The company makes its job-board services known to students at academic institutions that offer food microbiology and food safety programs, and it promotes to employers the fact that it holds a database of active job seekers, Maywood says. The company also contracts to provide screening and recruitment services for employers.
In screening for candidates, the criteria vary depending on what a specific company is looking for. “Many companies are concerned with making sure their managers have an understanding of the Hazard Analysis and Critical Control Points (HACCP) program,” he says, “but in the past year or more there has been increased interest in the BRC Global Standards; companies are moving toward the BRC standard, and they want their managers to have that background.”
Also important is how recently a certification has been obtained.
“We want to make sure that a candidate’s background is relevant and up to date,” Maywood says. “We see a lot of candidates who say went through HACCP certification in 2000. Well, in the past 13 years a lot has changed–not to mention in the past 13 months. Generally, I like to see that the certification was updated within the candidate’s last position.”
Usually, entry-level candidates finishing a college degree program will not have a company’s desired certification, but if the right fit is found, the company may sponsor a candidate to obtain the certificate, Maywood says. “That’s often a good tactic for the employer because it shows the person coming into the job that the company is looking for the best in their future,” he says.
In the age of social media, Maywood says he instructs job seekers to “scrub” their Facebook and other social media pages when seeking jobs. He also tells employers that they cannot ask potential employees for usernames and passwords for their personal social media accounts as a condition for employment.
“The question comes up all the time: Is this legal? The answer is No, not unless it’s a government or law enforcement position, and even that varies by state. So we tell everyone, don’t ask for it,” he says.
“There have to be protocols that people pass to get these jobs in the food industry.”
VP of resource development and evaluation, GFPI
Component of Risk Management
Pre-employment screening for food safety workers is an important component of risk management for companies, notes Dr.

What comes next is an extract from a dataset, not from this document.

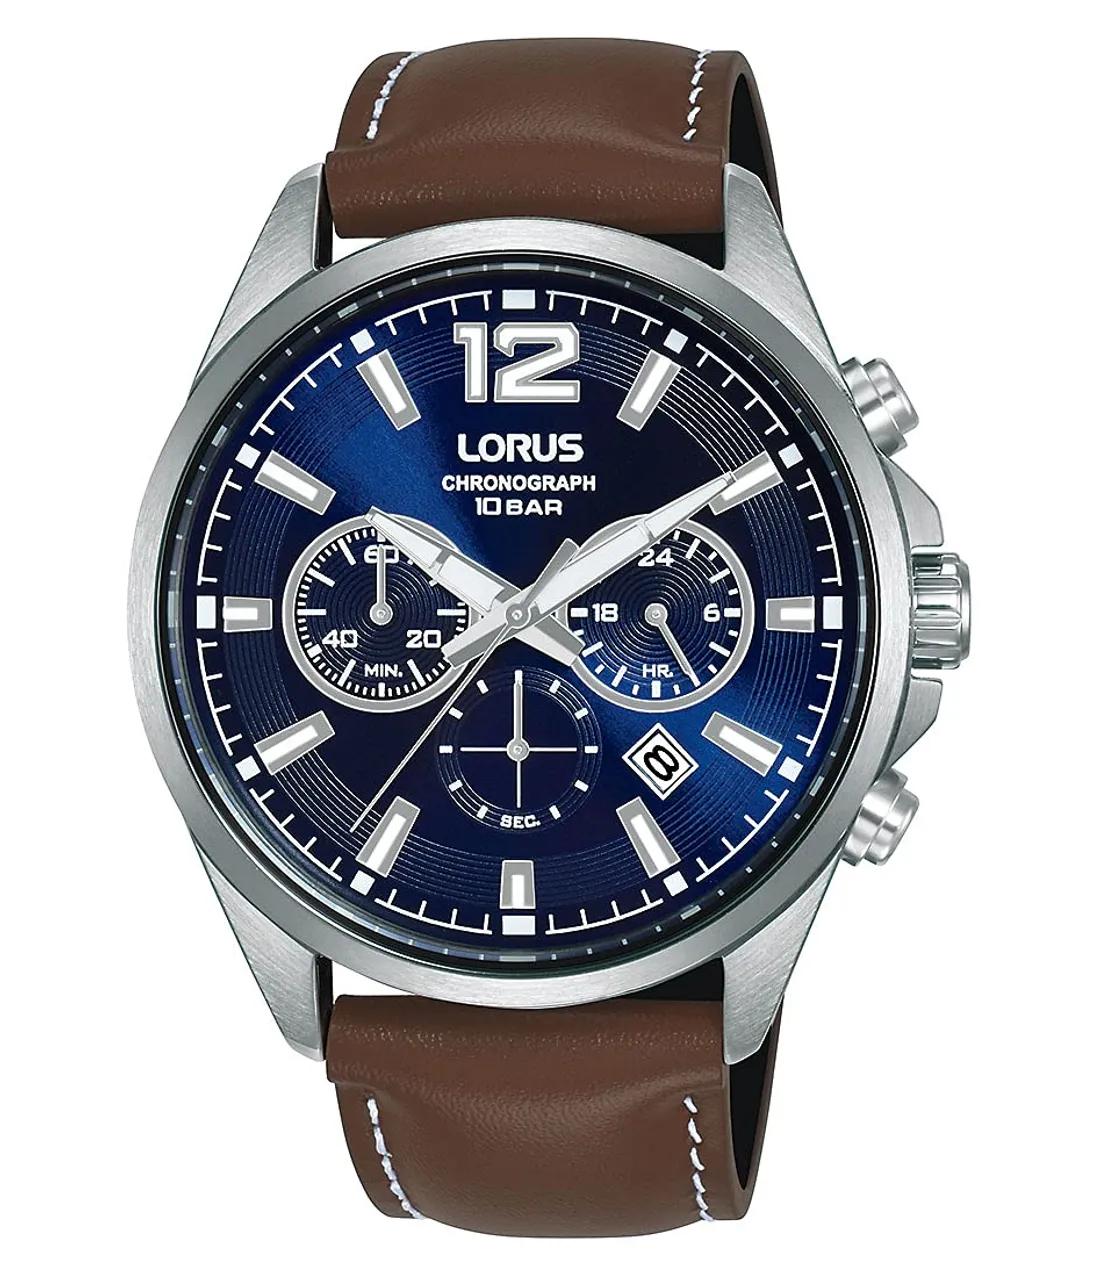 Lorus Herren Analog Quarz Uhr mit Leder Armband RT387JX9

Hicks of GFPI.
“With the globalization of the food industry, we have to be vigilant in who we hire and how we train,” Dr. Hicks says. “Screening has to be rigorous. There have to be protocols that people pass to get these jobs in the food industry.”

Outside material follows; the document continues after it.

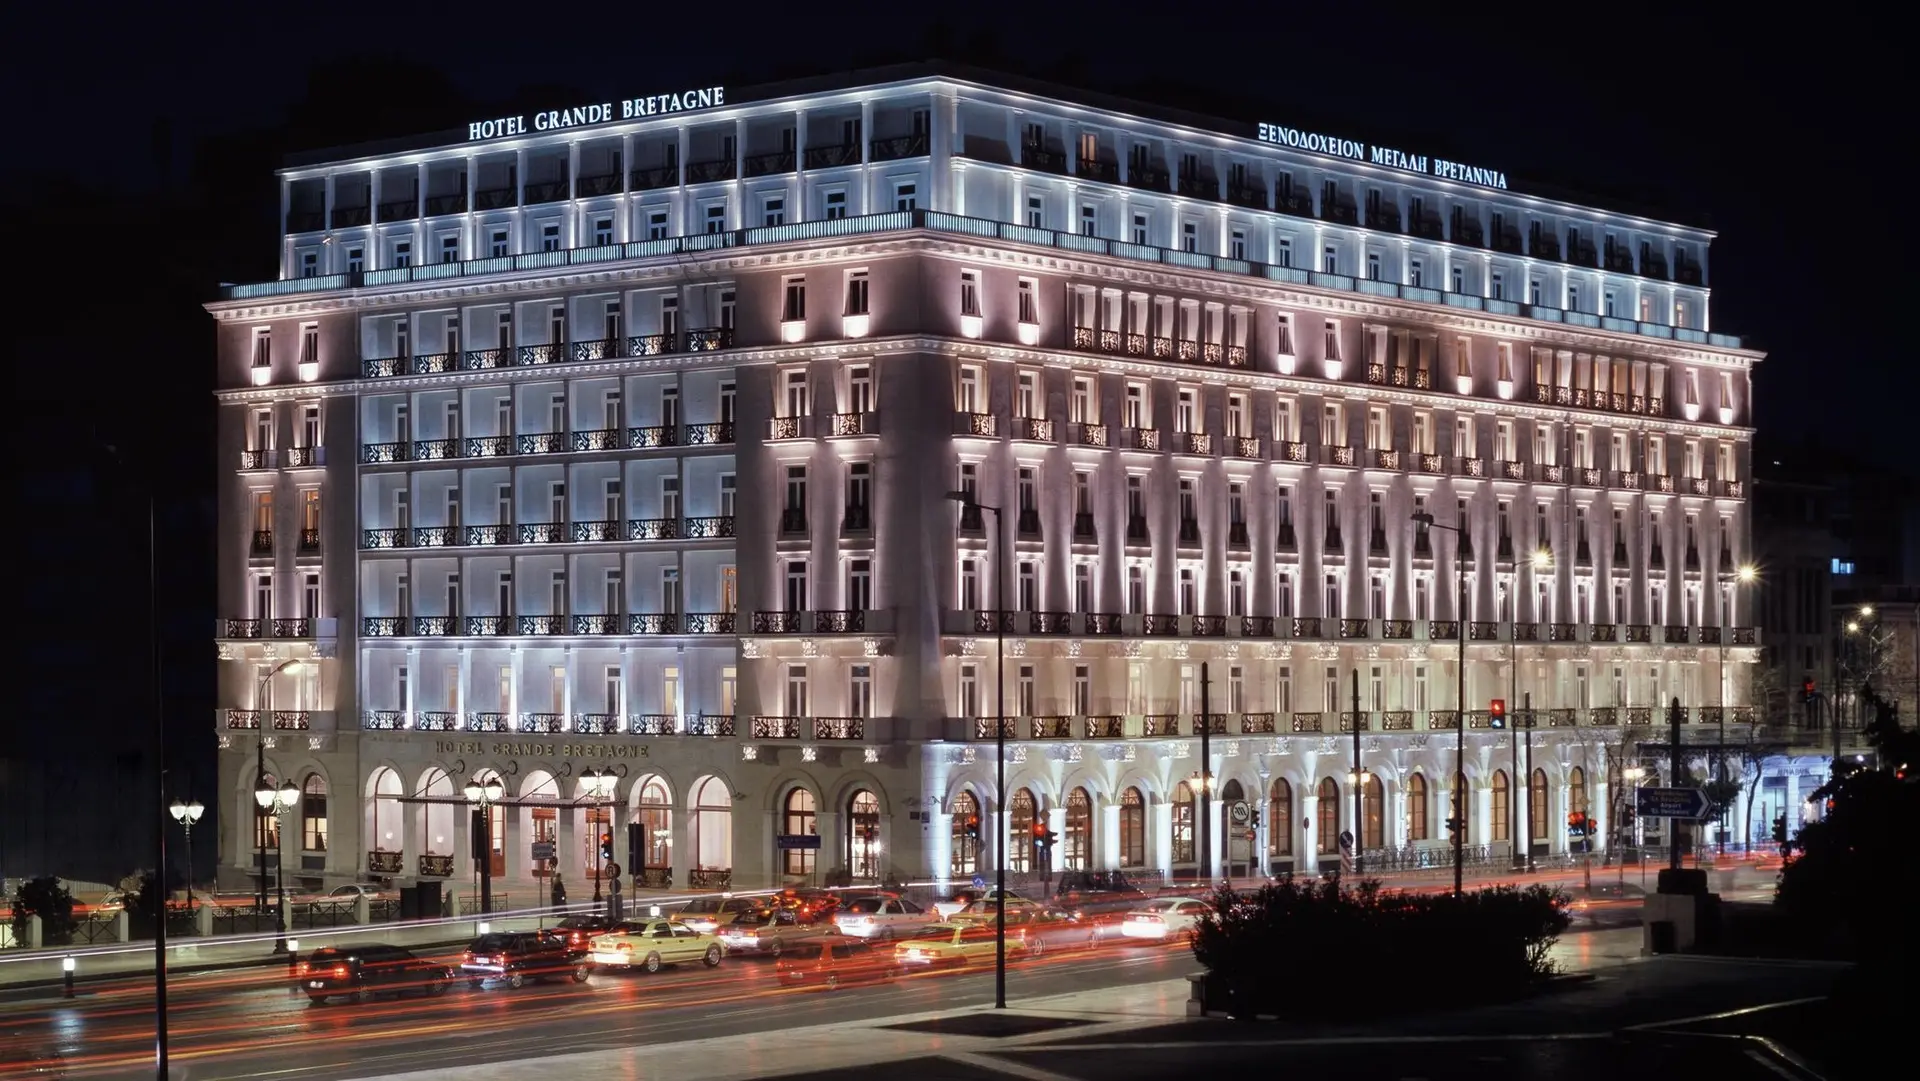 Hotel grande bretagne. A Modern hotel in a rectangular shape made of white stone.

In a way, everyone involved in the food industry is involved in food safety, he adds. In addition to screening, proper employee training is needed to ensure that an integrated food system provides safe food for consumers.

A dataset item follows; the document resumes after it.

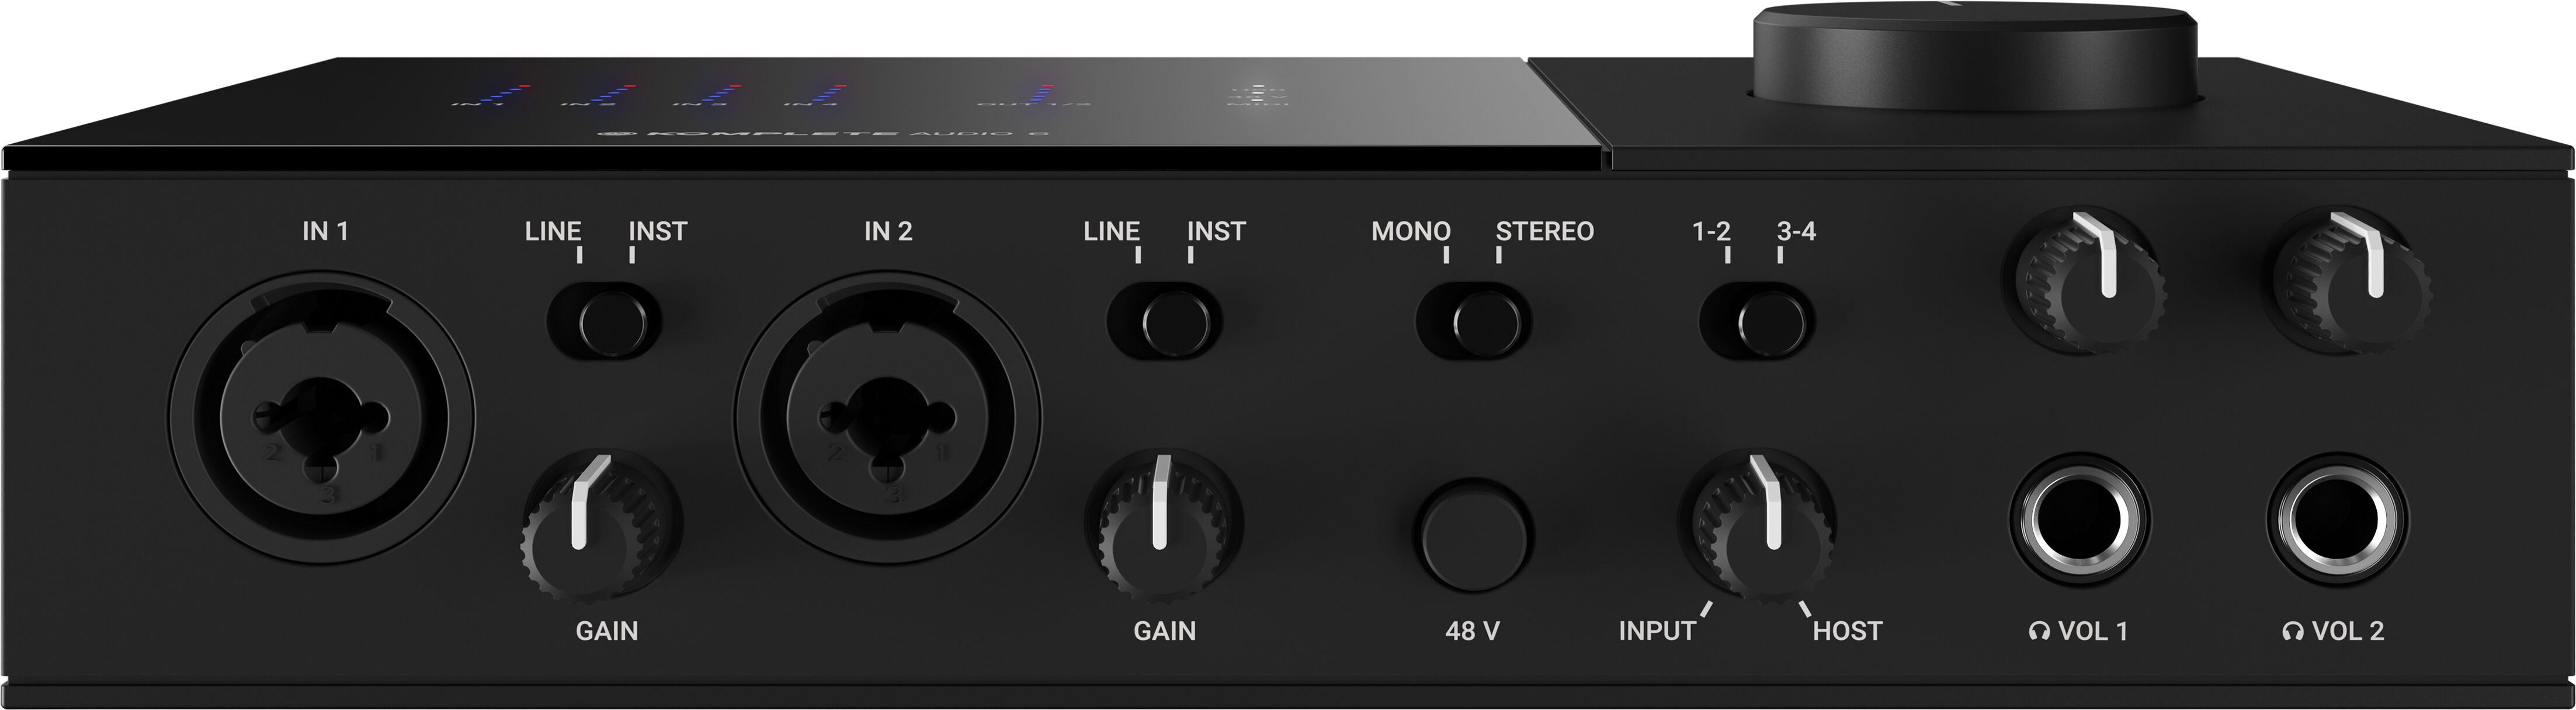 komplete audio 6 control panel download free

“A person who’s well trained is a security measure,” Dr. Hicks says. “Their knowledge, skills, and abilities allow them to see when something is not right. If we are not training people properly, they don’t know what to look for, don’t know when a deviation warrants attention, or stopping a line, or pulling a product. Quality trained people, both on the regulatory side and in the private sector, are absolutely critical to our line of defense for food safety.”